■ **Supplied material**
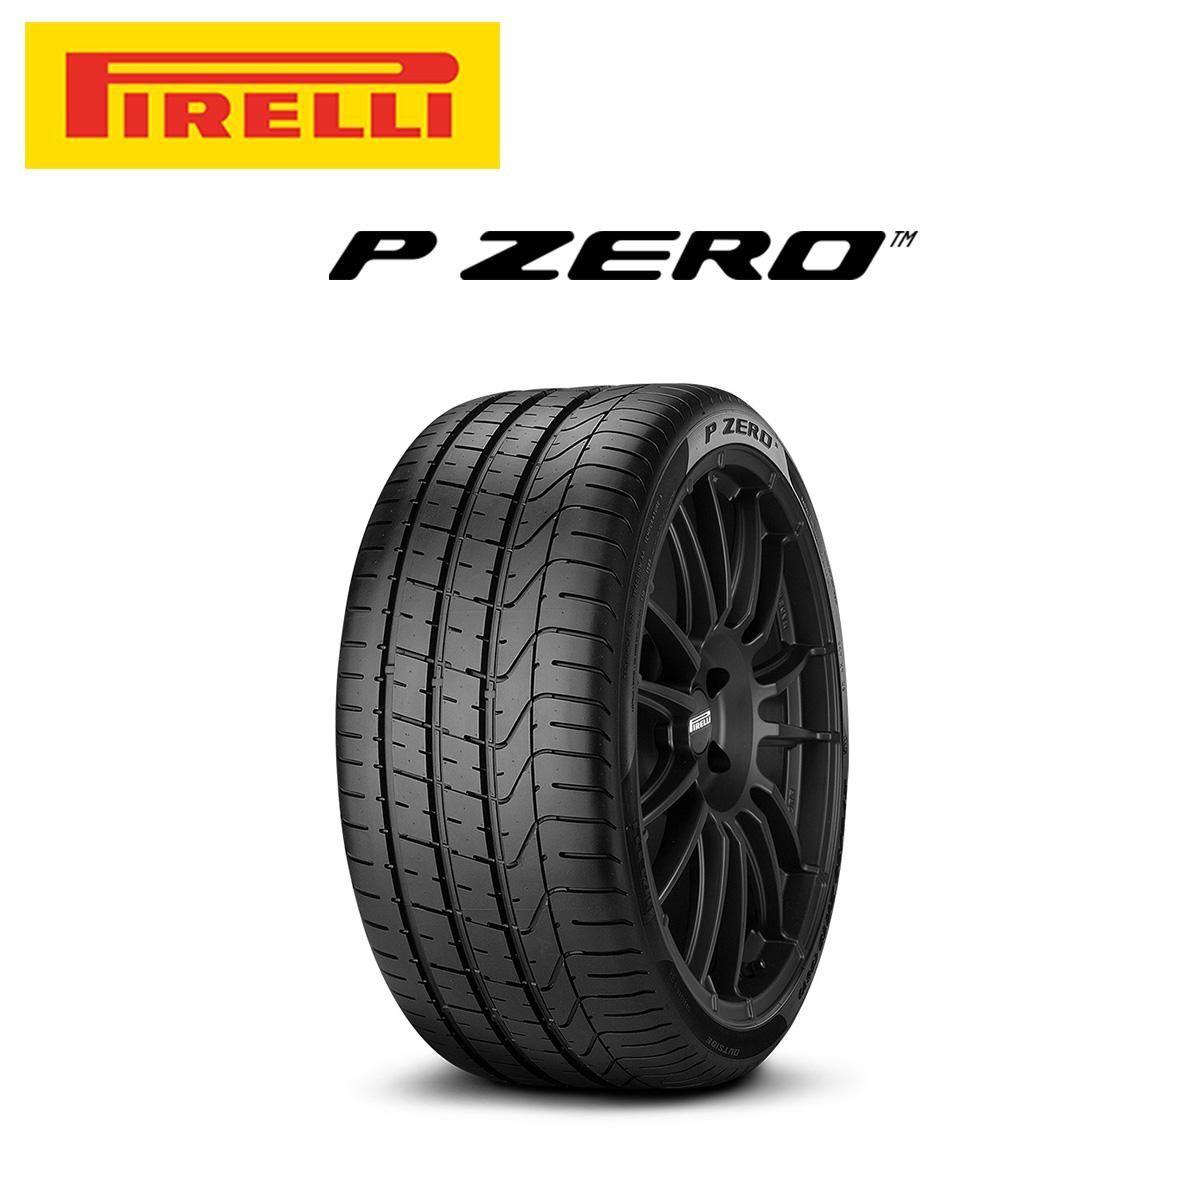 ピレリ PIRELLI P ZERO ピーゼロ 20インチ サマー タイヤ 4本 セット 295/30ZR20 101Y XL AMS:アストンマーティン承認タイヤ 1715700
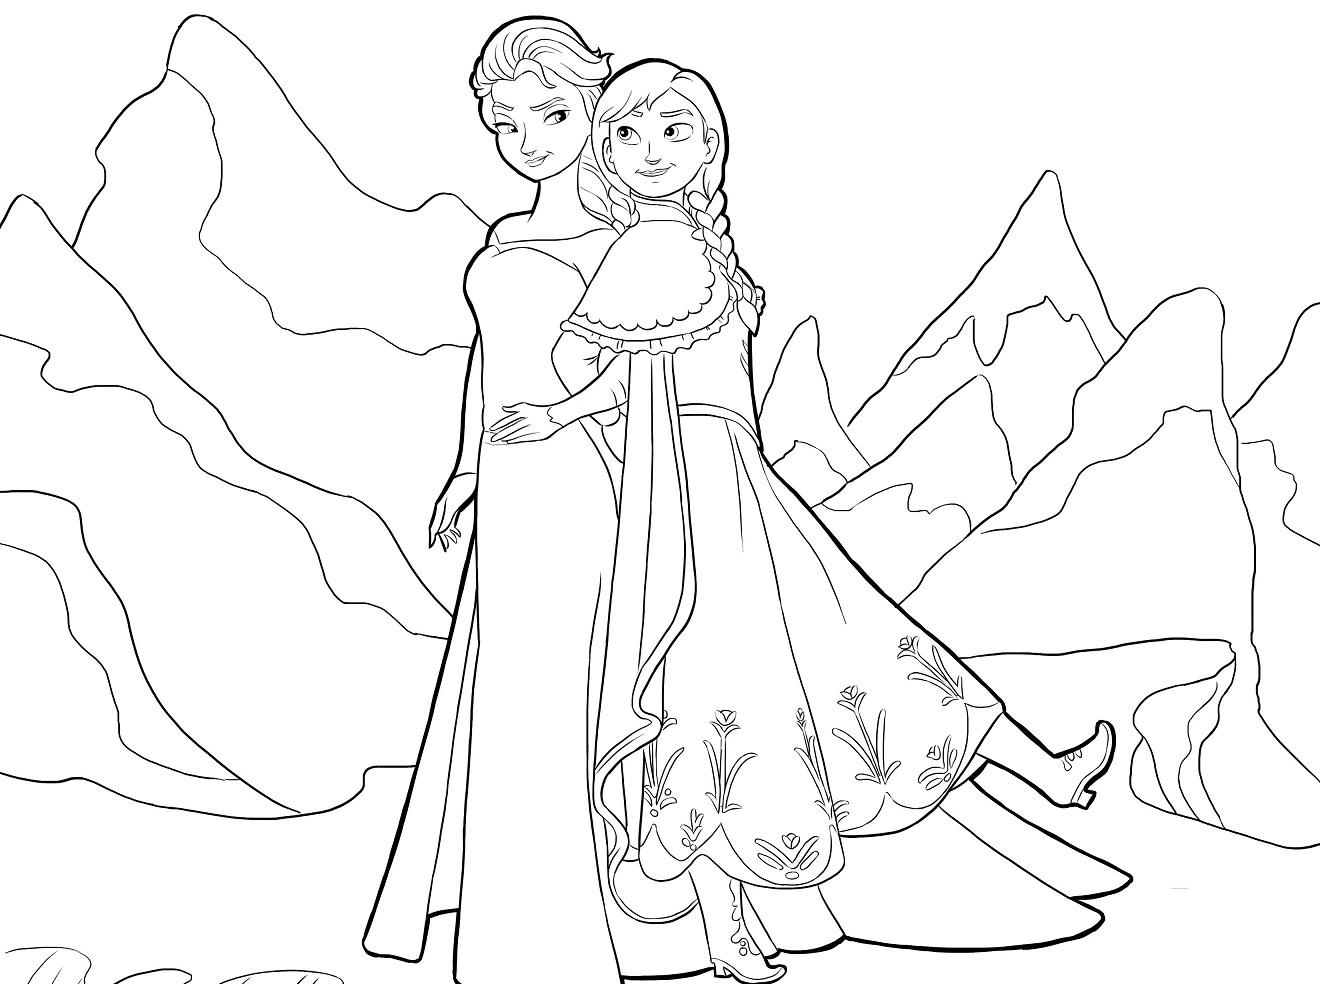 Dibujos de Elsa y Anna para pintar | Princesas Disney
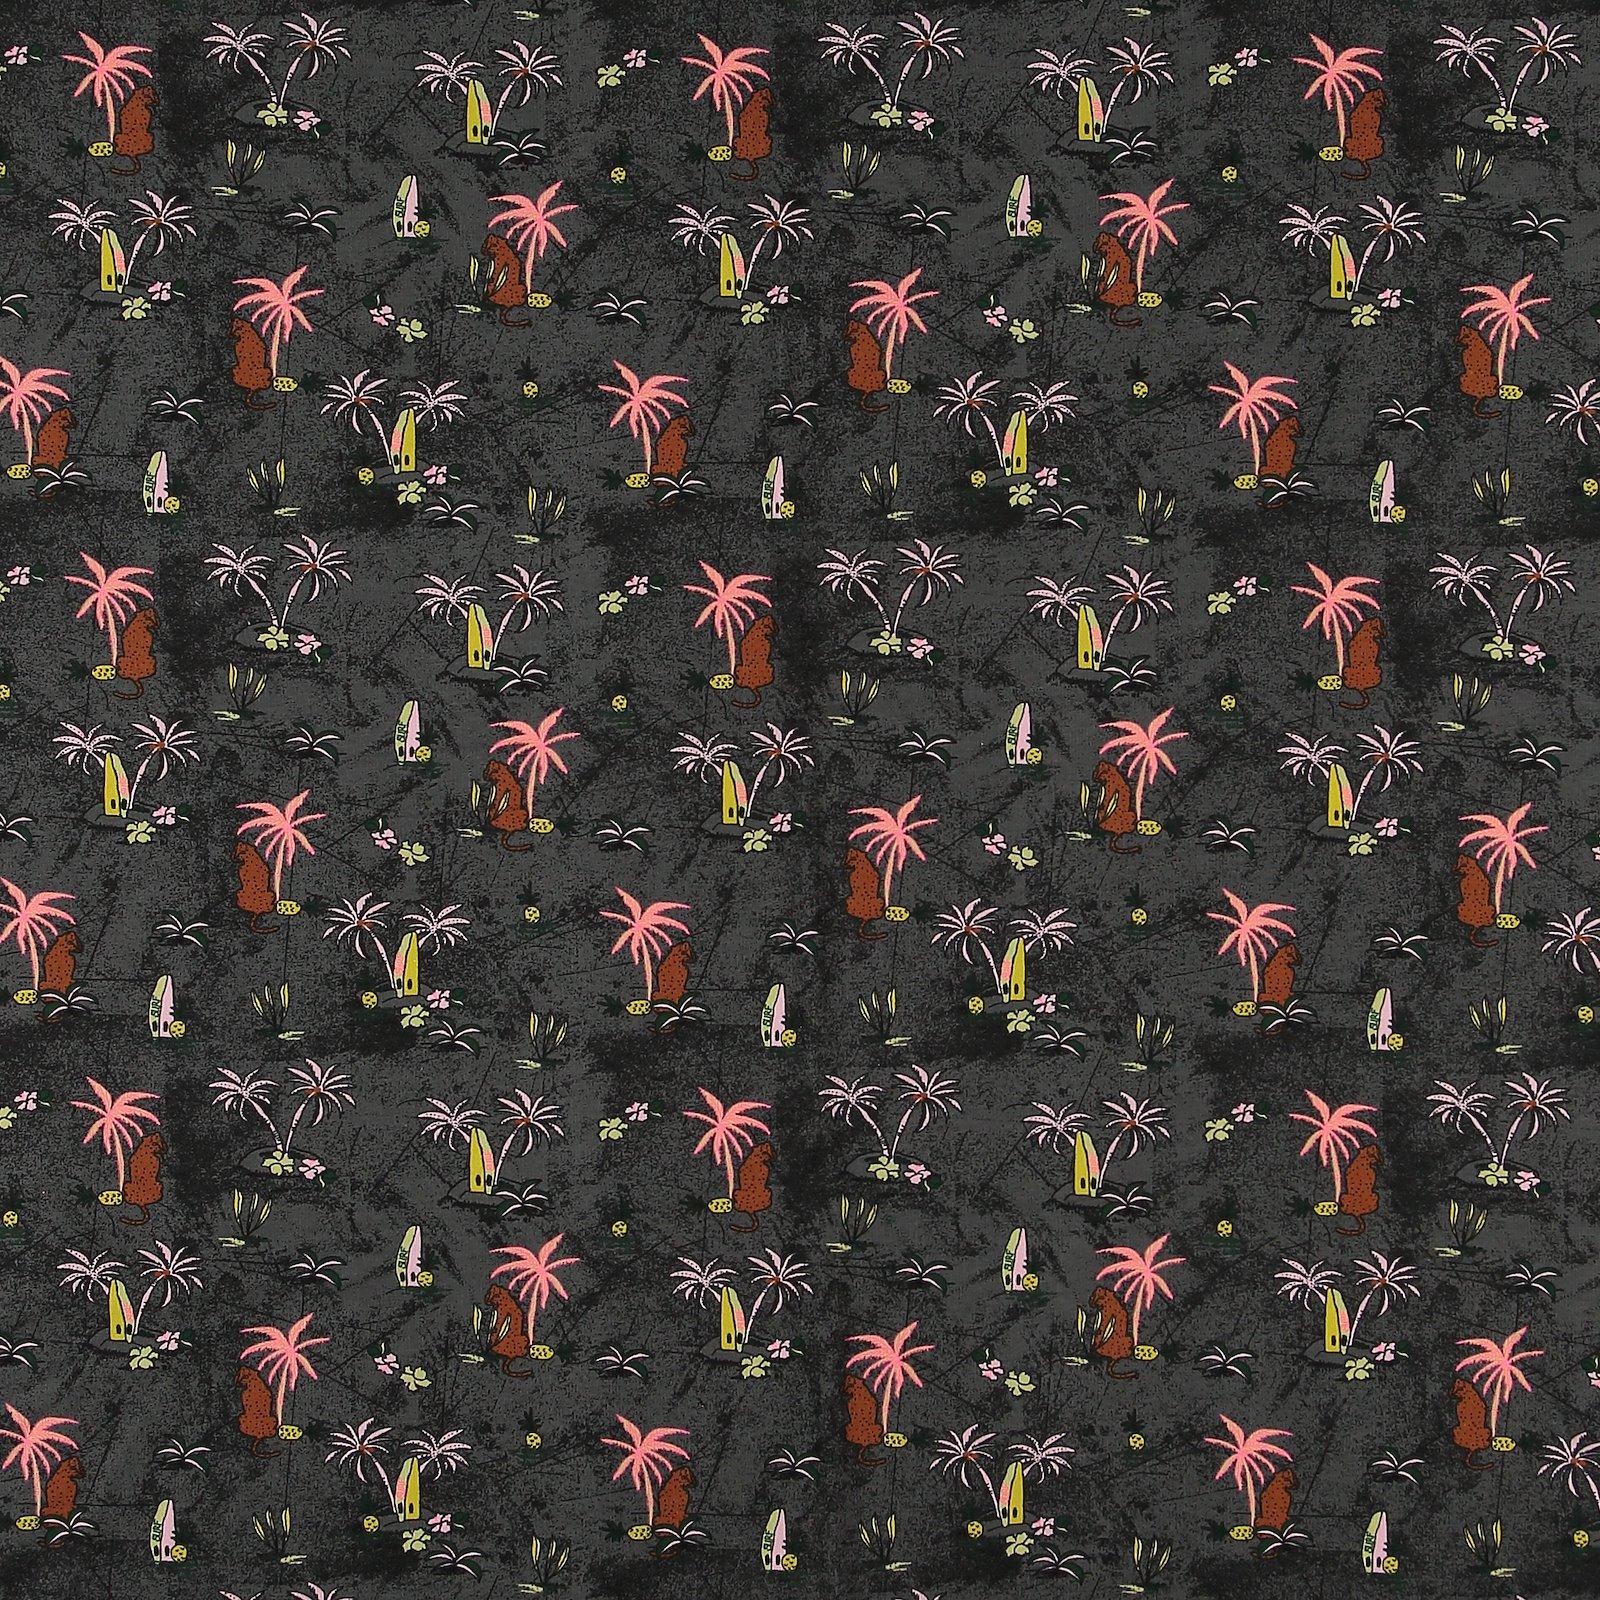 French terry w stretch dark grey w palms 211739_pack_sp

■ **Task requirements**
Make an exact printout of the listing above, omitting the images.

■ **Expected answer**
 ピレリ PIRELLI P ZERO ピーゼロ 20インチ サマー タイヤ 4本 セット 295/30ZR20 101Y XL AMS:アストンマーティン承認タイヤ 1715700
 Dibujos de Elsa y Anna para pintar | Princesas Disney
 French terry w stretch dark grey w palms 211739_pack_sp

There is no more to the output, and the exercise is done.